Money is the oxygen flowing through the fossil fuel system. Yet it’s now known that limiting global warming to 1.5°C requires global banks to stop bankrolling the fossil fuel industry, starting with the dirtiest of them, coal. Yet, despite its updated coal policy, Standard Chartered ranks first among UK bankers of coal plant developers due to its significant business activities in Asia. As Standard Chartered’s AGM opens tomorrow, it seems like a good time to take a closer look at where the bank stands on coal financing.

Standard Chartered: n°1 UK bank for coal plant developers

According to a new report by Reclaim Finance and Urgewald, Standard Chartered channeled more than $10 billion to companies in the Global Coal Exit List between October 2018 and October 2020, with almost half of this amount ($4.7 billion) going to coal plant developers. This makes it the UK bank with the highest financing of/for companies that are betting most heavily against the success of the Paris Agreement, such as Power Finance Corp (PFC) in India ($1.5 billion financing in the same period), PLN in Indonesia ($969 million) or POSCO in South Korea ($524 million). With $283 million in underwriting services, Standard Chartered is also the third biggest financier of Adani in india, the company behind the highly controversial Carmichael coal mine in Australia. In Asia, the last resort for the expansion of the coal industry, companies building new coal plants in the region can rely on Standard Chartered’s continuous financial support. Standard Chartered has been the leading bank behind the companies driving the expansion of India’s and the Philippines’ coal pipelines (until the moratorium).
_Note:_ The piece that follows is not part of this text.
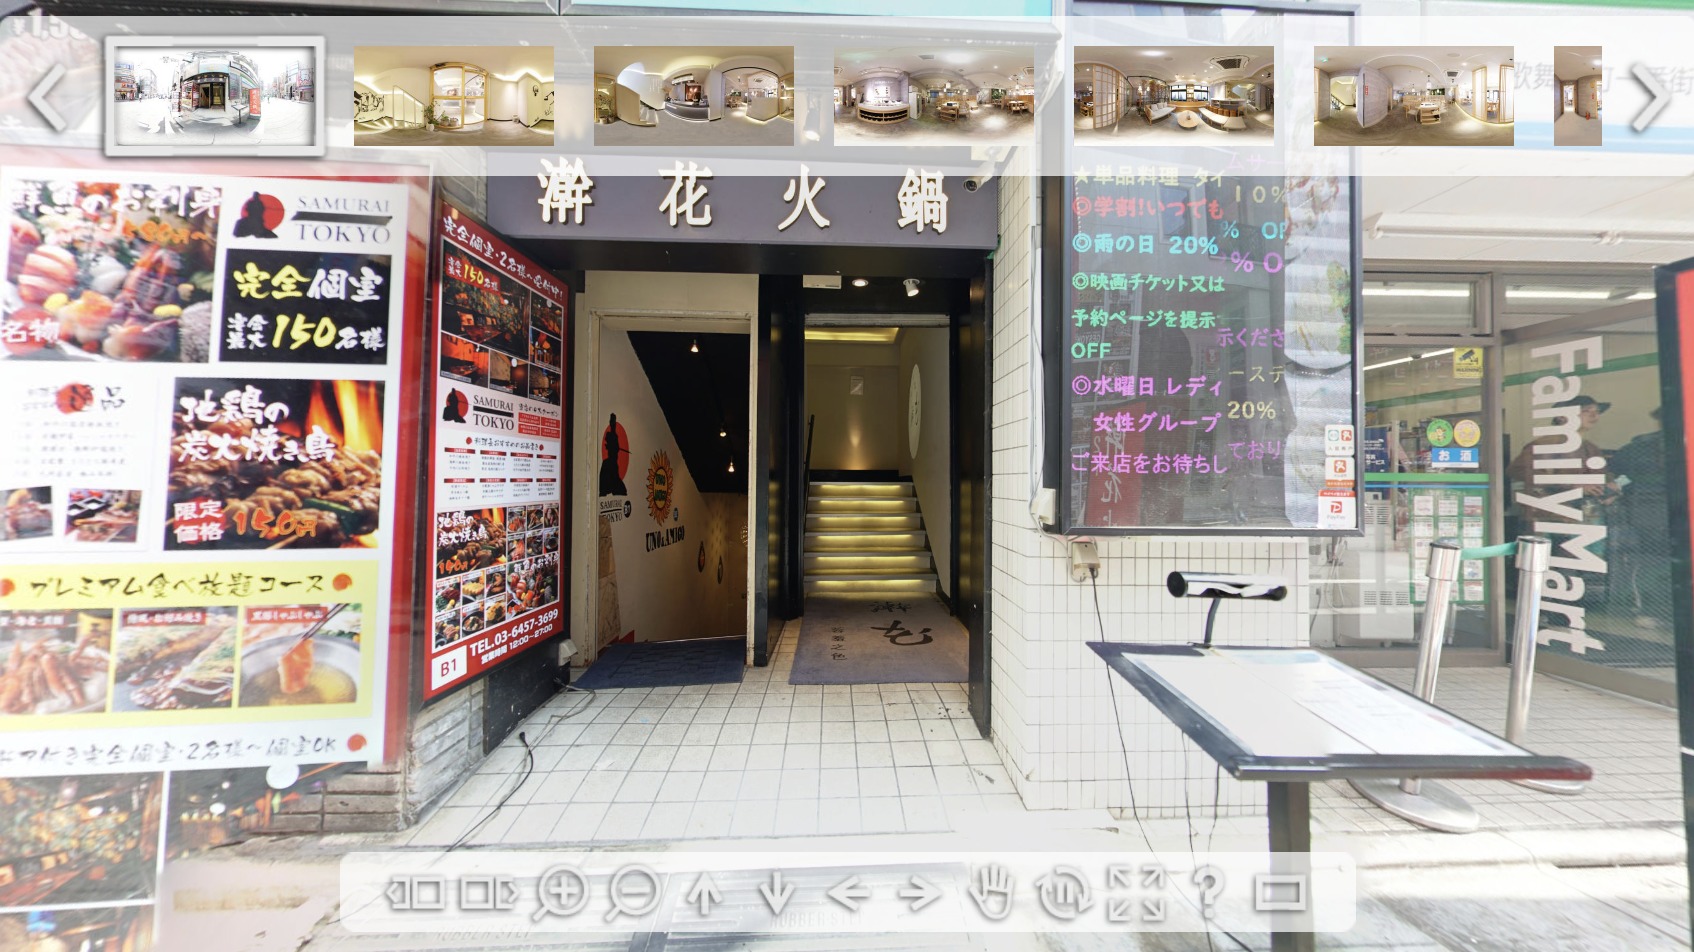 【火鍋『KANKA』新宿店 様 飲食店】360°パノラマ撮影・制作実績詳細ページ
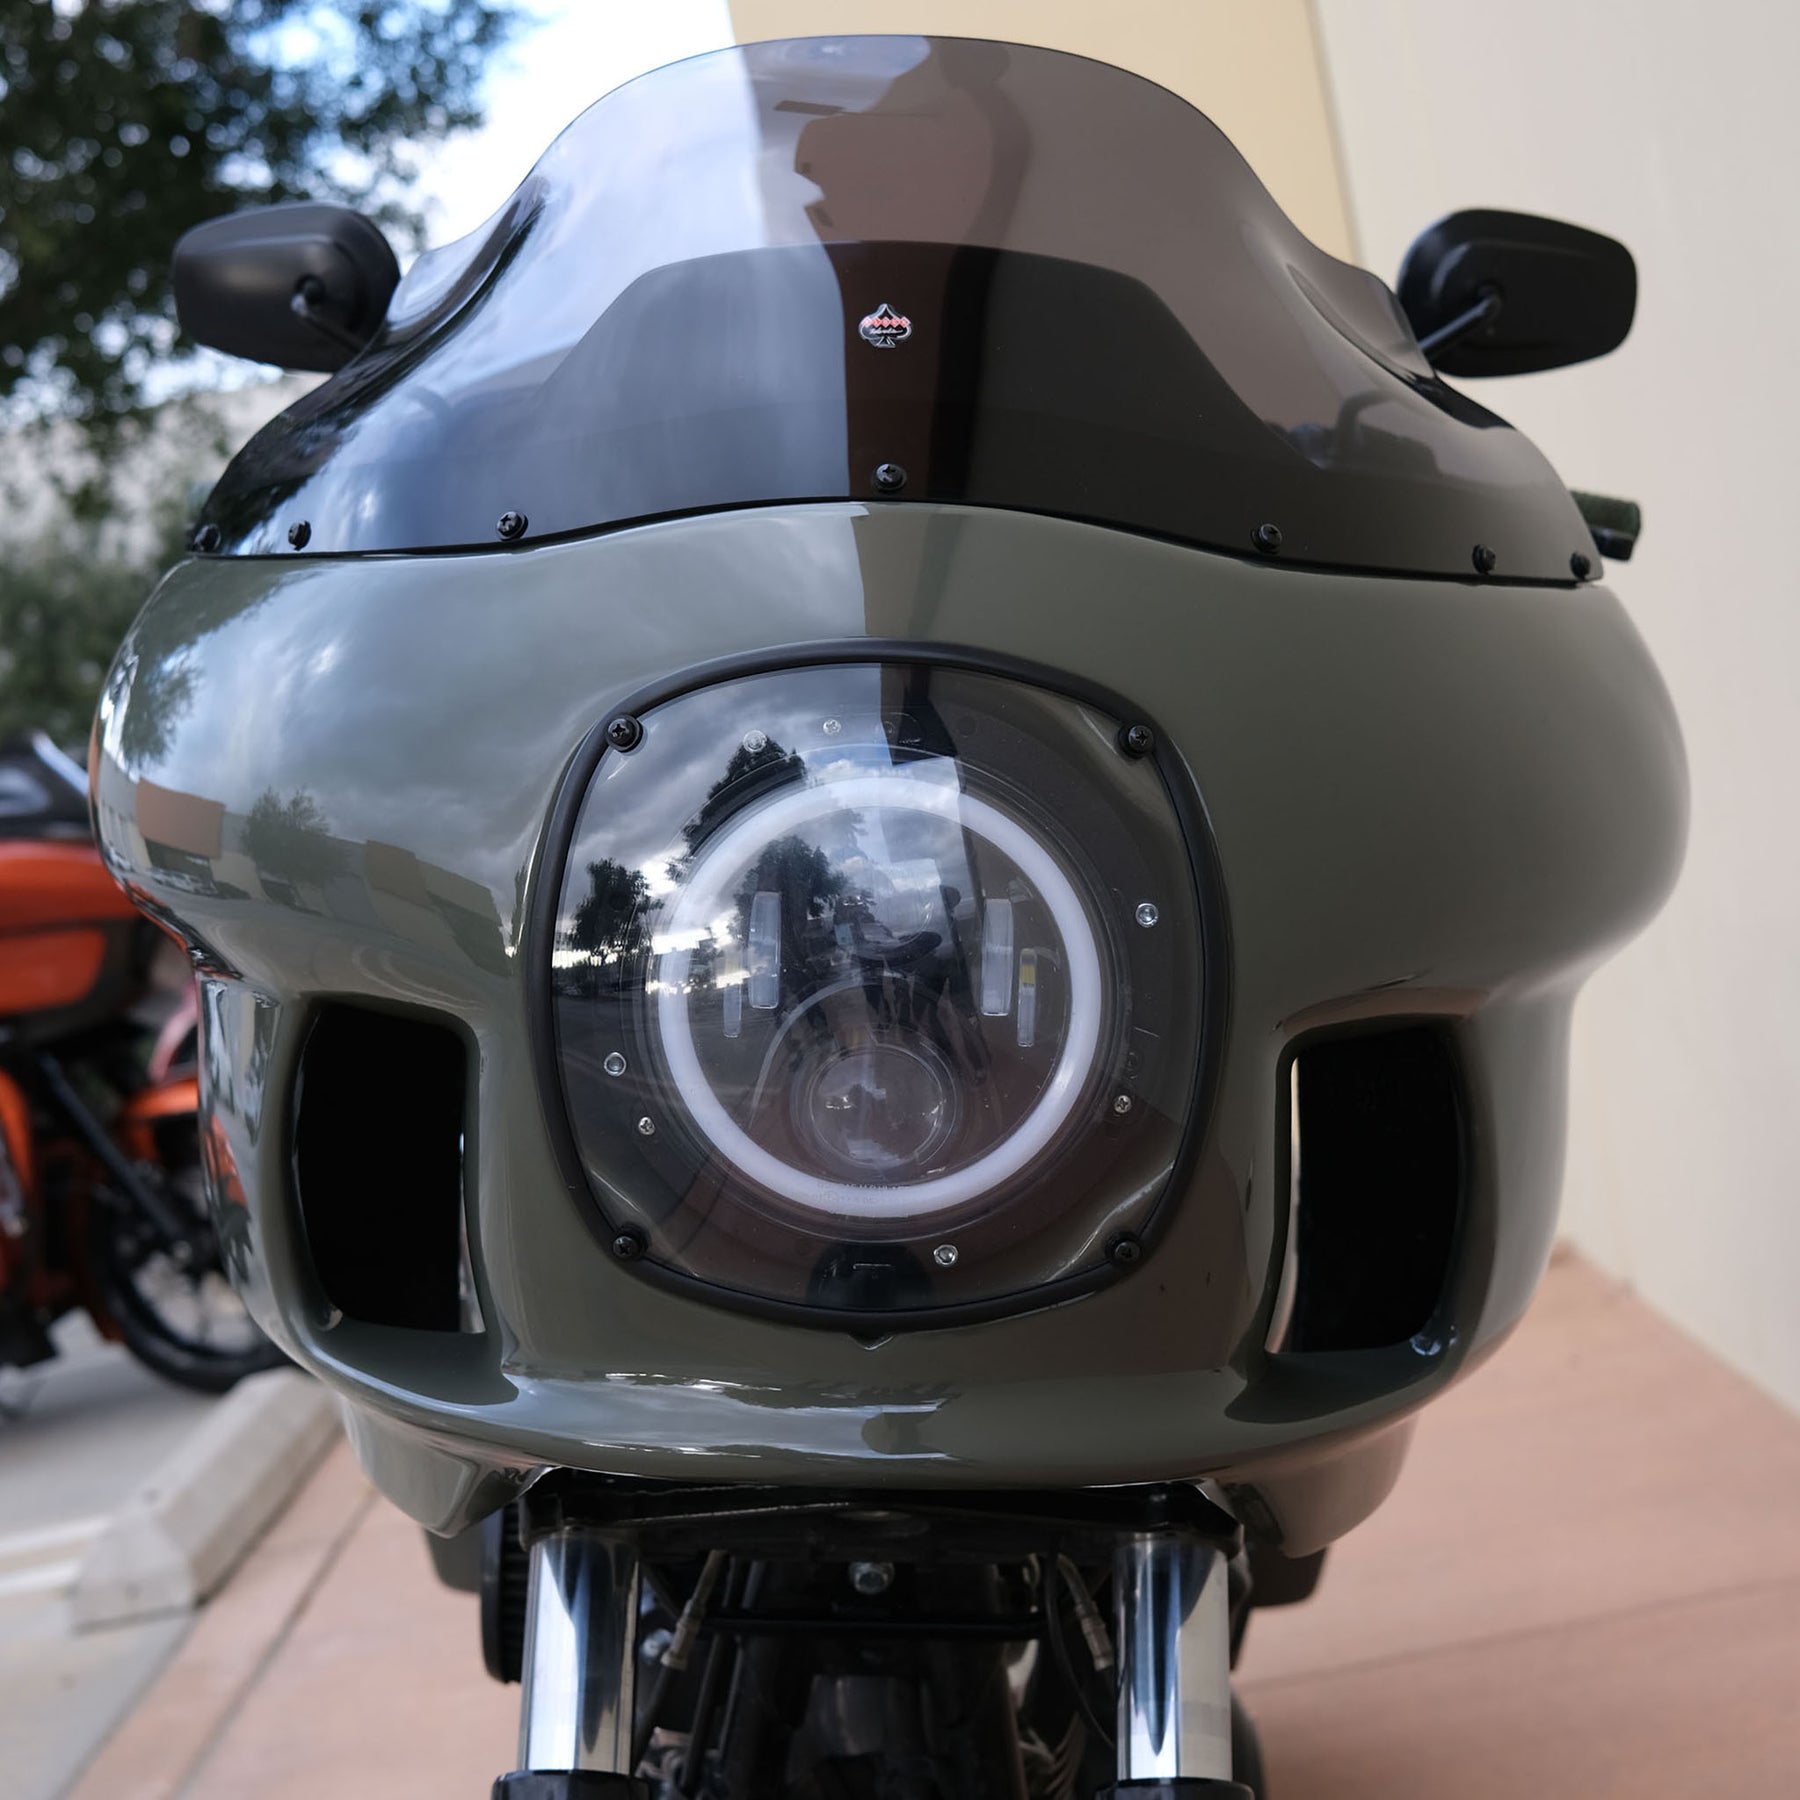 Fairing Headlight Cover for FXRP/FXRT/FXRD Motorcycles

A coal policy that still makes (a lot of) room for new coal

All new coal plants under construction today take us further away from achieving the Paris climate goals. It is critical to cease support for coal plant developers and abide by the No New Coal principle. Since 2018, Standard Chartered has been working to reduce its coal financing but to no avail: the policy currently excludes mining and power companies with 100% of their EBITDA from thermal coal from 2021 onwards. The policy plans to lower this threshold to 80%s in 2024, 60% by 2025, 40% by 2027 and 5% by 2030. However, this policy remains too weak to effectively cease support to new coal plant developments. The thresholds will stay high for too long: according to Urgewald’s research, this means that in 3 years from now the bank would only have to drop 2 coal companies. The 40% threshold that will have a visible impact on the bank’s portfolio cannot be postponed to 2027: that is way too late to address the climate emergency we are facing now.

Also, the EBITDA is not an adequate metric to define the relative size of a company’s coal-related operations: some coal plant developers have a low or even 0% coal share of revenue. For example, Standard Chartered has lent 1.5 billion US$ to PFC, an Indian company which derives low to no earnings from coal operations, but is paving the way for new coal plants in India by lending money to coal developing companies. Four new coal power plants with a total capacity of 9.6 GW began construction in India in 2019, and all have received funding from PFC. In theory, Standard Chartered could still finance these kinds of companies well after 2030.

The bank needs more immediate exclusion thresholds at the corporate level and must exclude all coal developers if it wants its coal phase-out strategy to be credible.

The pressure is mounting on Standard Chartered to review its policy. Market Forces threatened to file a resolution at the bank’s 2022 AGM because of its hypocrisy over climate change. Today, Standard Chartered has just been targeted by a hoax claiming that the bank would stop financing coal plant developers by 2021 and other fossil fuel developers by 2023. If Standard Chartered turned the hoax into policy, it would help kick coal out of the global system.